The proposed budget dedicates new funds and positions – including in the Office of Homeland Security and Emergency Management – to promote resiliency and mitigate climate change, with investments in disaster-response infrastructure – such as cold weather shelters – community preparedness programs, and efforts to reduce community-wide greenhouse gas emissions. 

Investing in Public Services 

This year’s proposal for City spending for the fiscal year beginning October 1, 2022, encompasses total expenditures of $5 billion – including $1.3 billion for the General Fund. The Capital Budget includes $1.5 billion in planned spending. 

The General Fund budget covers the City’s base operational costs, maintains current service levels, and makes a series of strategic expenditures, all while maintaining a healthy reserve balance of 14%, consistent with Council’s policy. The largest portion, approximately 62% (around $785 million), is allocated to public safety – 35% to police, 18% to fire, and 9% to emergency medical services. 

Community services encompassing court services, animal services, family health services, and managing the City’s libraries and parks account for about 28% of the General Fund, or $351 million. 

Budget Highlights 

The proposed budget provides: 
 

  • $73 million in planned capital spending to build and repair city sidewalks 

  • $3.4 million and 17 new jobs to improve disaster response and community preparedness 

  • Increased City minimum wage and pay raises to address staffing shortages and sustain services 

  • $27 million for cultural arts, historic preservation and live music, funded by Hotel Occupancy Taxes 

  • $4.8 million to clean up homeless encampments in public spaces and near waterways 

  • 55 new jobs to improve customer service efforts at AUS airport 

  • $79 million investment in affordable housing to meet goals set by the Austin Strategic Housing Blueprint 

  • $1 million towards a Trauma Recovery Center to support victims of violent crime 

  • $3.6 million for wildfire prevention and education 

  • One-time funding of $5 million for emergency rental assistance to prevent homelessness as rents rise 

  • A $2.5 million investment in the Iconic Venue Fund, to help secure places of cultural significance. 


Impact on Taxpayers 

The proposed property tax rate, of 45.19 cents per $100 of taxable value, is 3.5% above the projected ‘no-new-revenue operations and maintenance tax rate’, which is the measure used by the state to determine compliance with its revenue cap. 

Under the proposed budget the typical homeowner would see a reduction of about $111 in the City’s portion of their annual property tax bill.
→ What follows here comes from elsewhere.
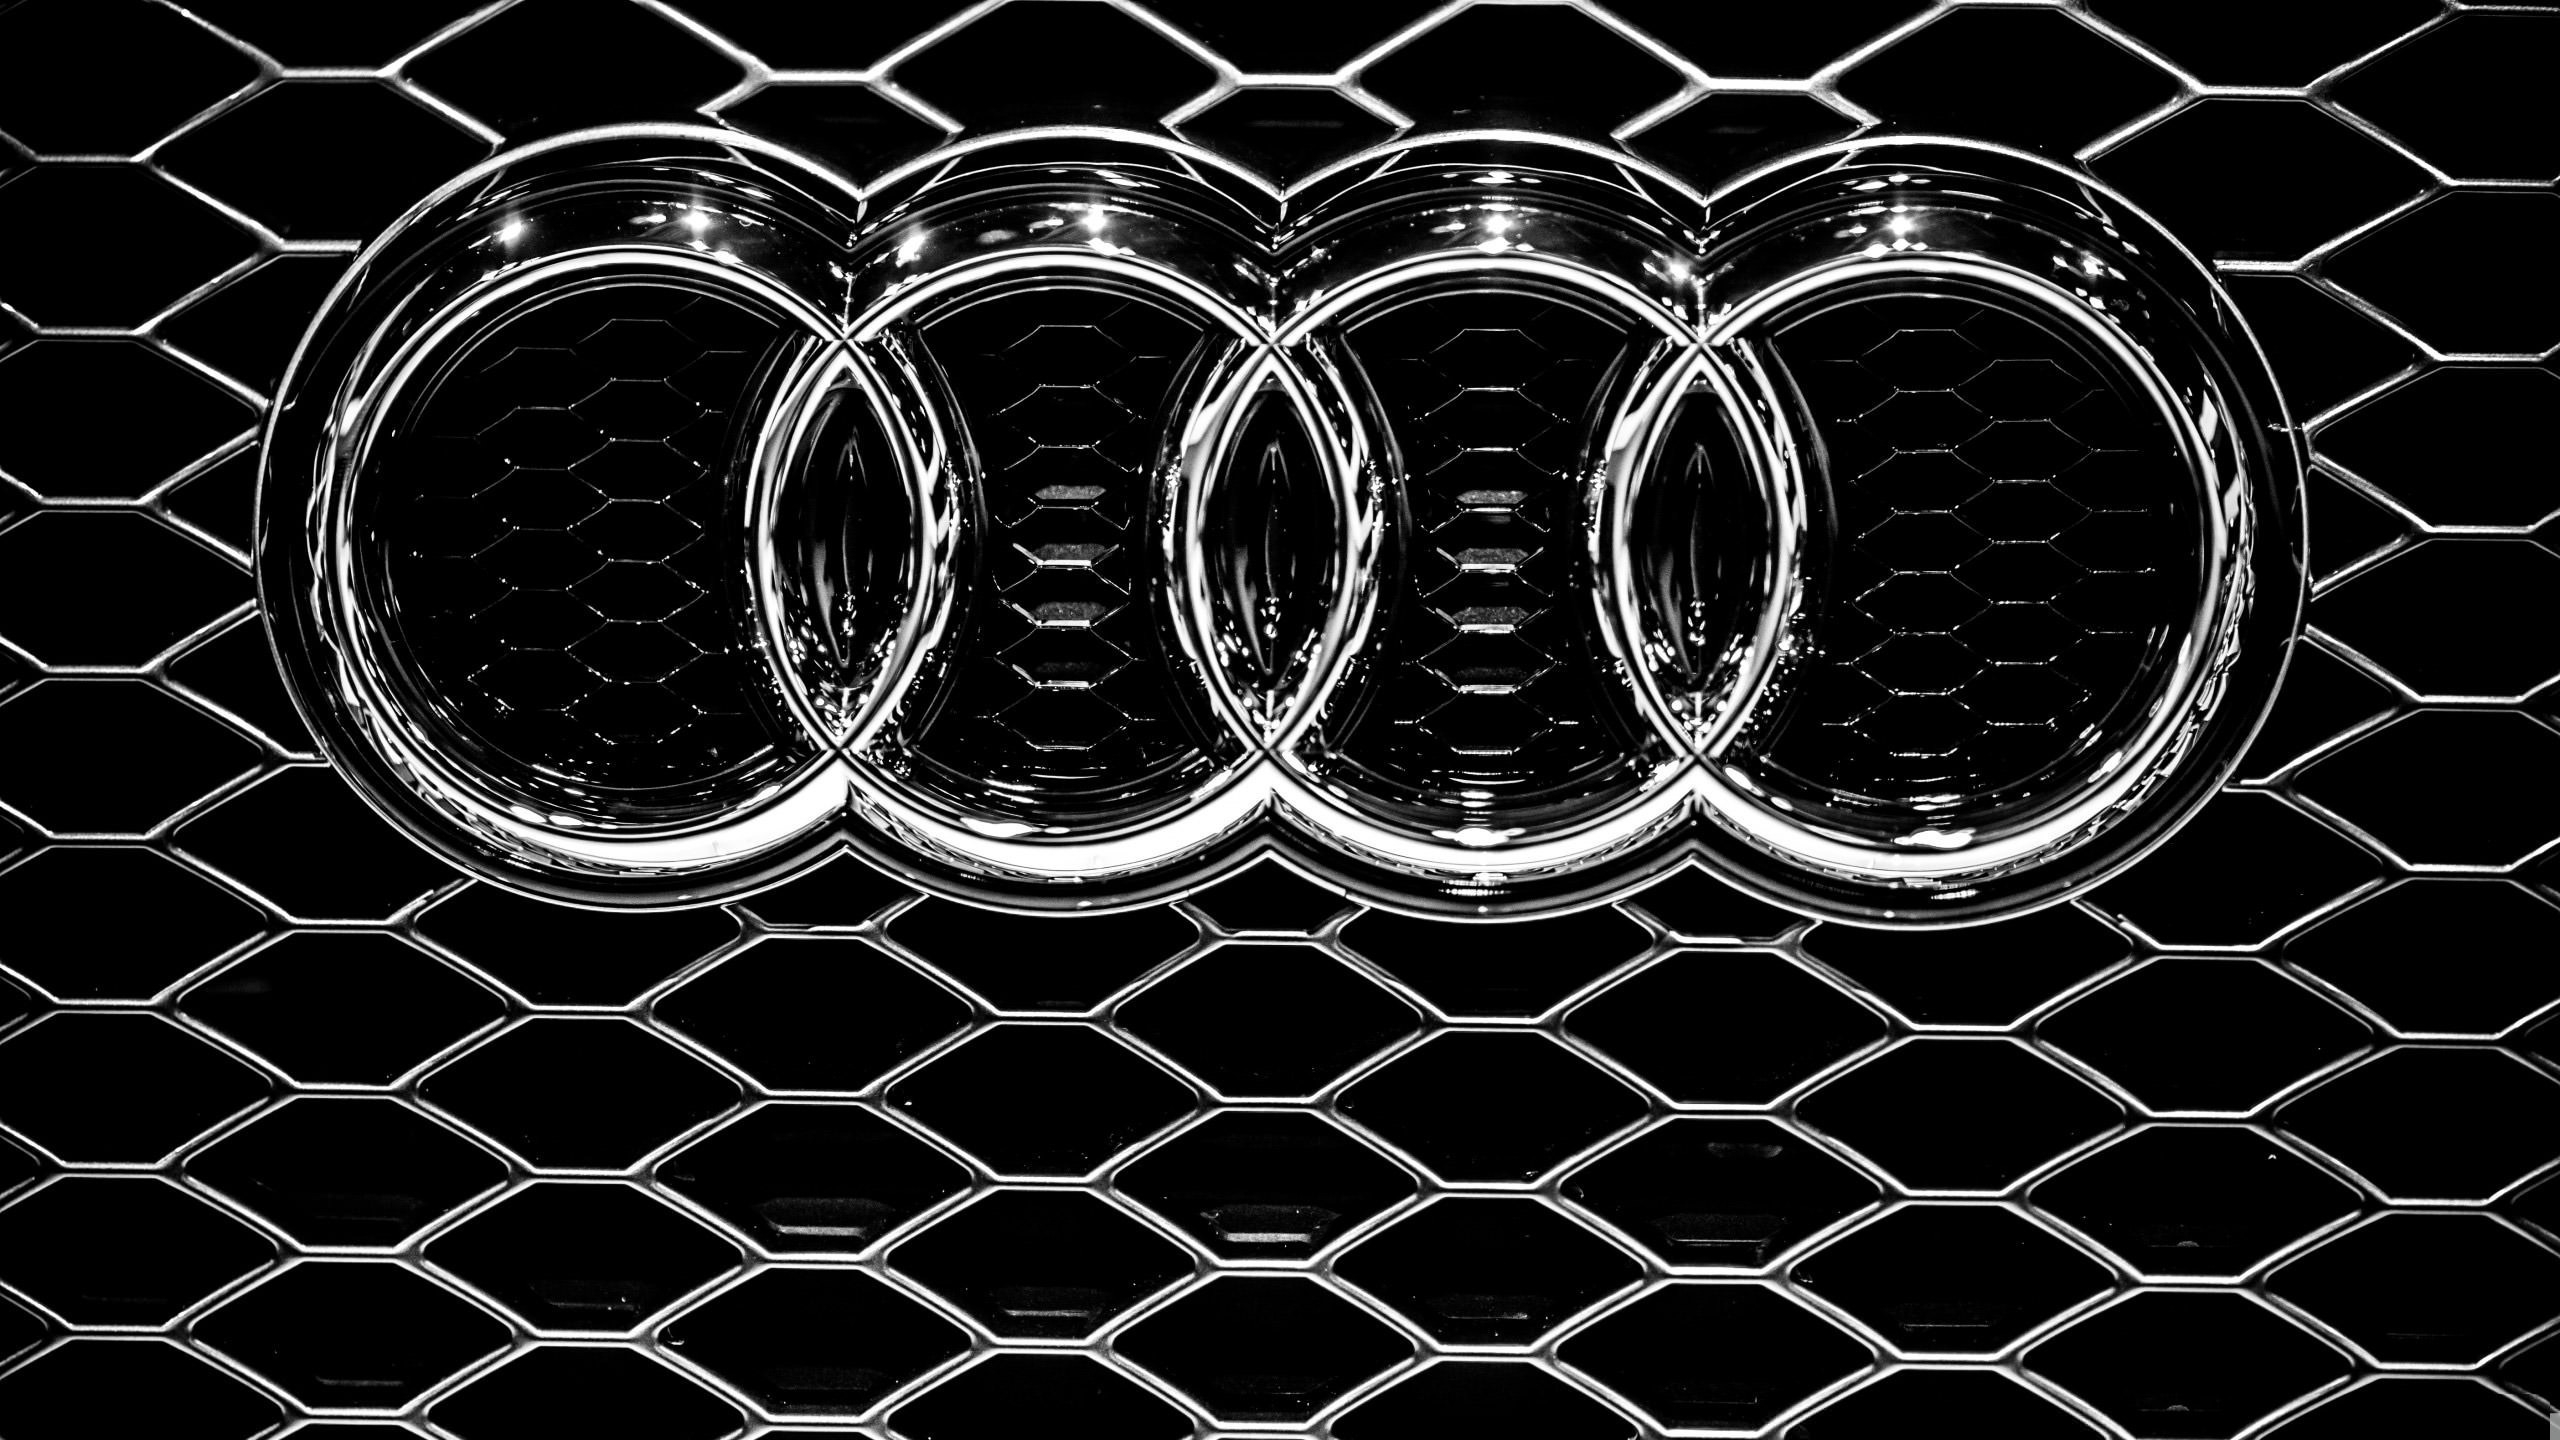 Audi Grille for 2560x1440 HDTV resolution
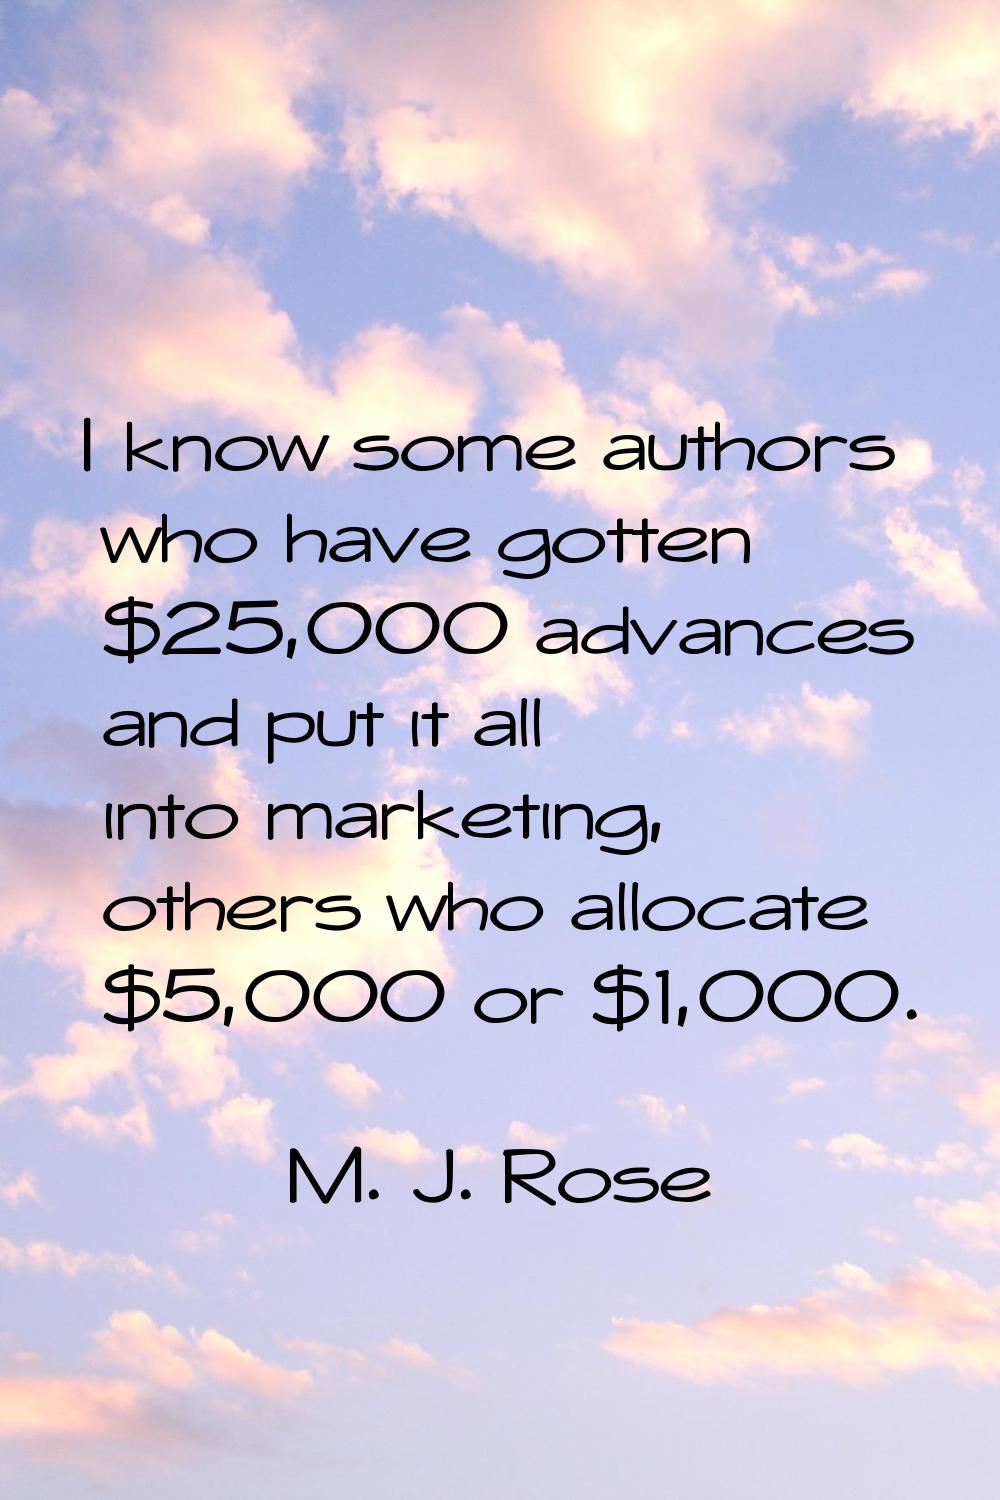 I know some authors who have gotten $25,000 advances and put it all into marketing, others who allo

This is a result of the interplay between the growth rates in taxable values for owner-occupied homes—which are capped at 10% annual growth—and other categories of property, which are seeing values rise by more than 20%. 

At the same time, some of the City’s rates and fees, including for electricity, trash service, and the transportation user fee, are proposed to rise in response to escalating operations costs, as well as increasing service demands from a growing population. 

When changes to property taxes, rates and fees are combined, a typical Austin tax- and ratepayer would see a year-over-year increase of 2.7% - equivalent to an additional $10.07 per month, or just over $120 per year. 

Next Steps 

Cronk’s presentation was broadcast live and will be available on ATXN’s archive

The coming weeks will provide time for Community Budget Input meetings and City Council Budget Work Sessions. City Council will have the opportunity to review and initiate amendments to the proposed budget before final adoption, which is scheduled to begin on August 17.